Data extract >>
Content starts

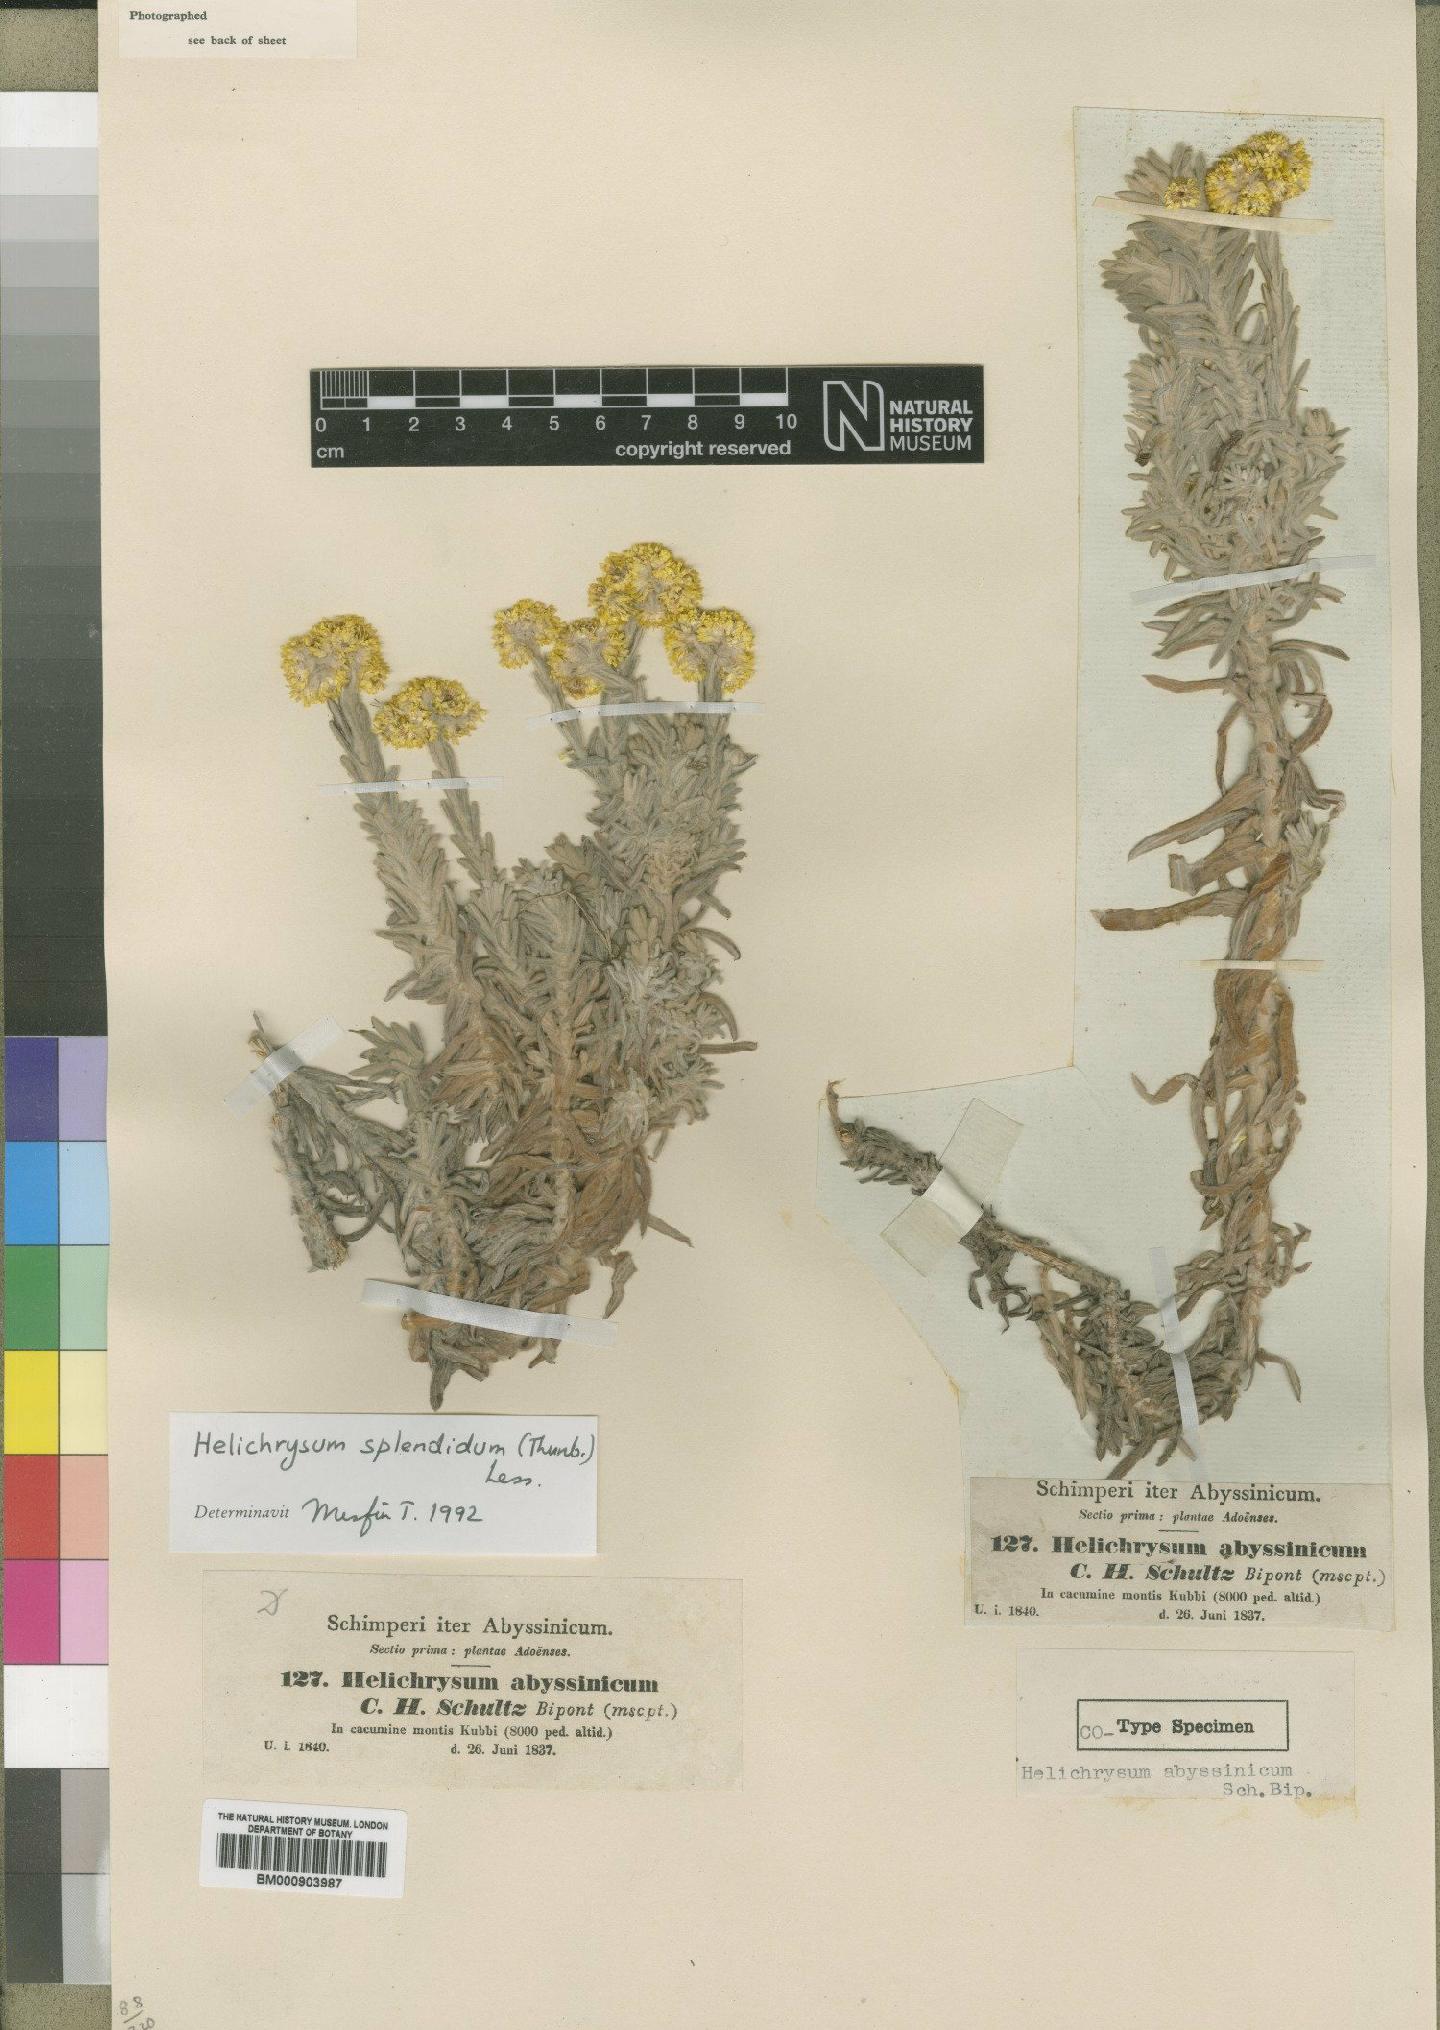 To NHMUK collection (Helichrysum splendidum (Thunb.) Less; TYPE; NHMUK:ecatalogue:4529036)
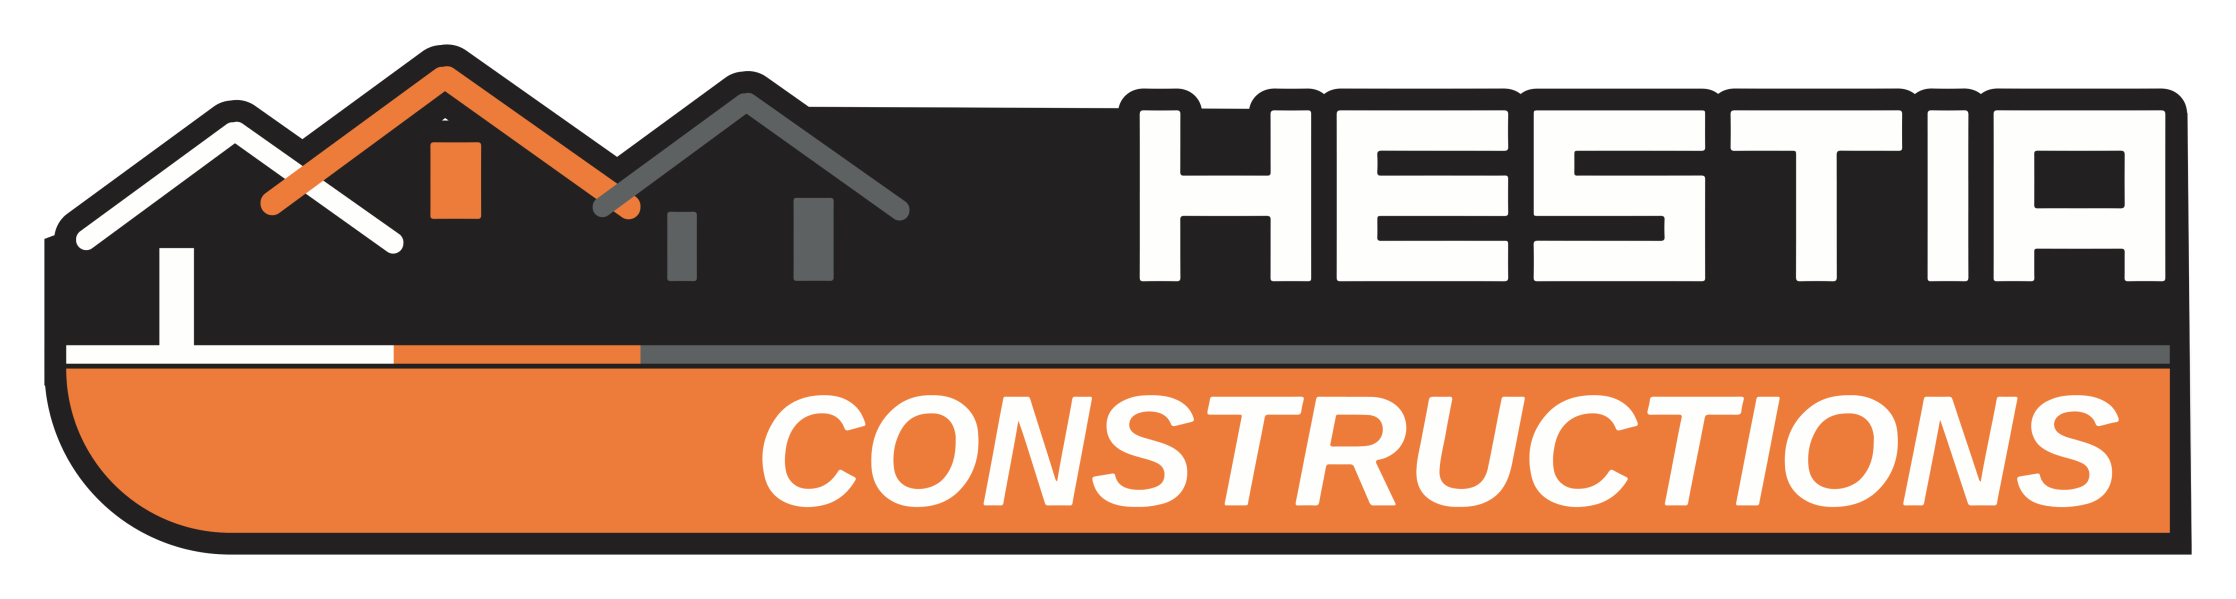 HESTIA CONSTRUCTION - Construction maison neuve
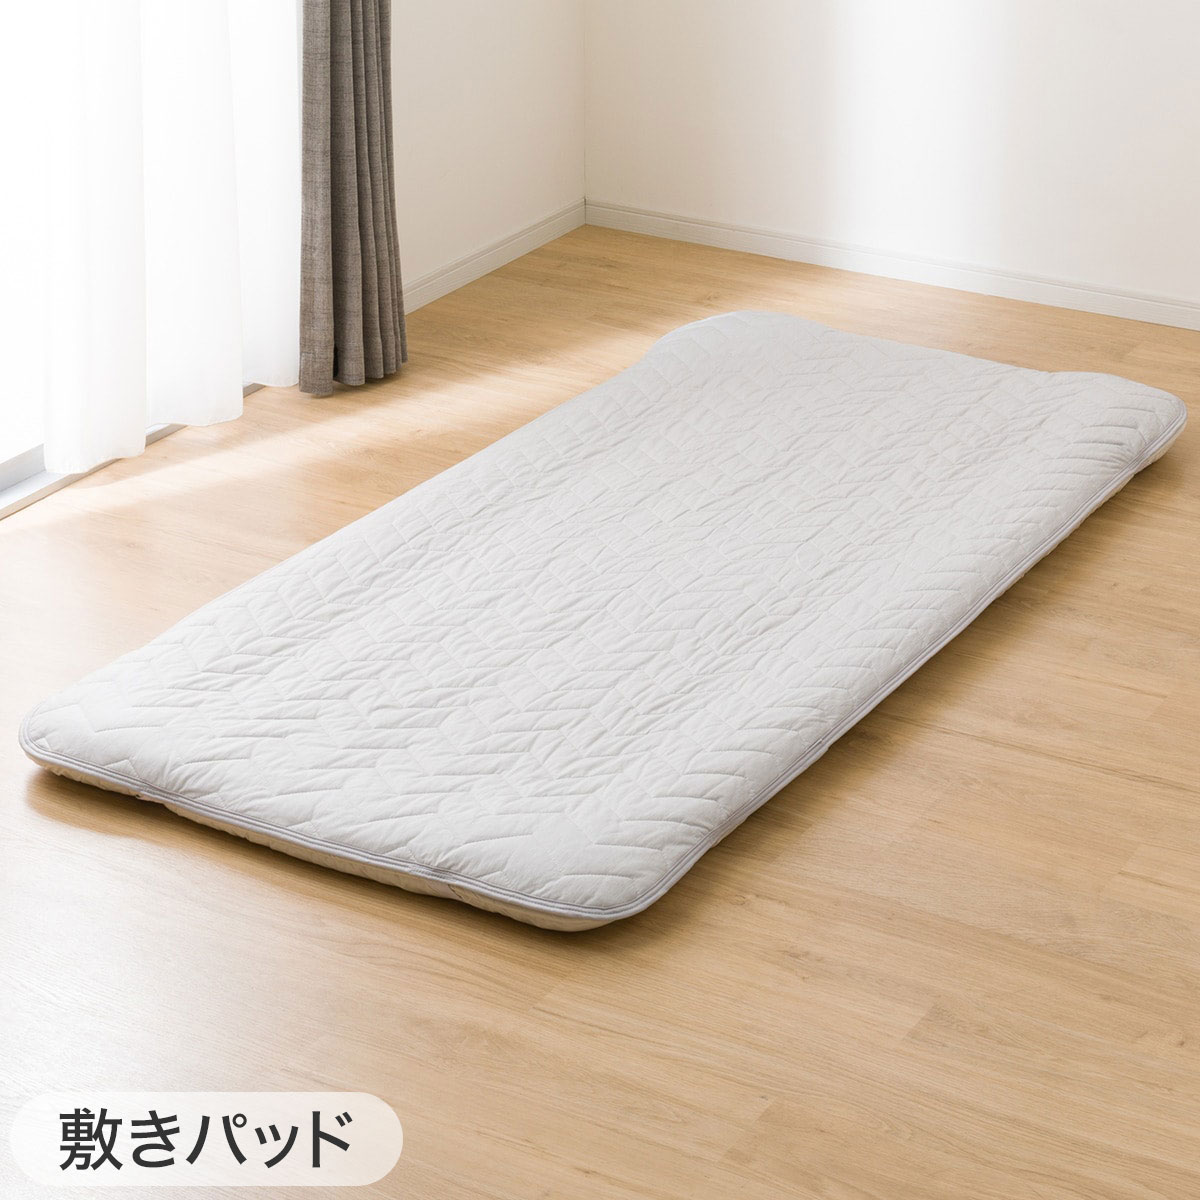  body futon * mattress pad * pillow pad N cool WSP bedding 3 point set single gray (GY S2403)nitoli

Content ends

Instructions to follow >> Apart from the pictures, restate all of the listing above exactly.

Response for this exercise >>
 To NHMUK collection (Helichrysum splendidum (Thunb.) Less; TYPE; NHMUK:ecatalogue:4529036)
 HESTIA CONSTRUCTION - Construction maison neuve
  body futon * mattress pad * pillow pad N cool WSP bedding 3 point set single gray (GY S2403)nitoli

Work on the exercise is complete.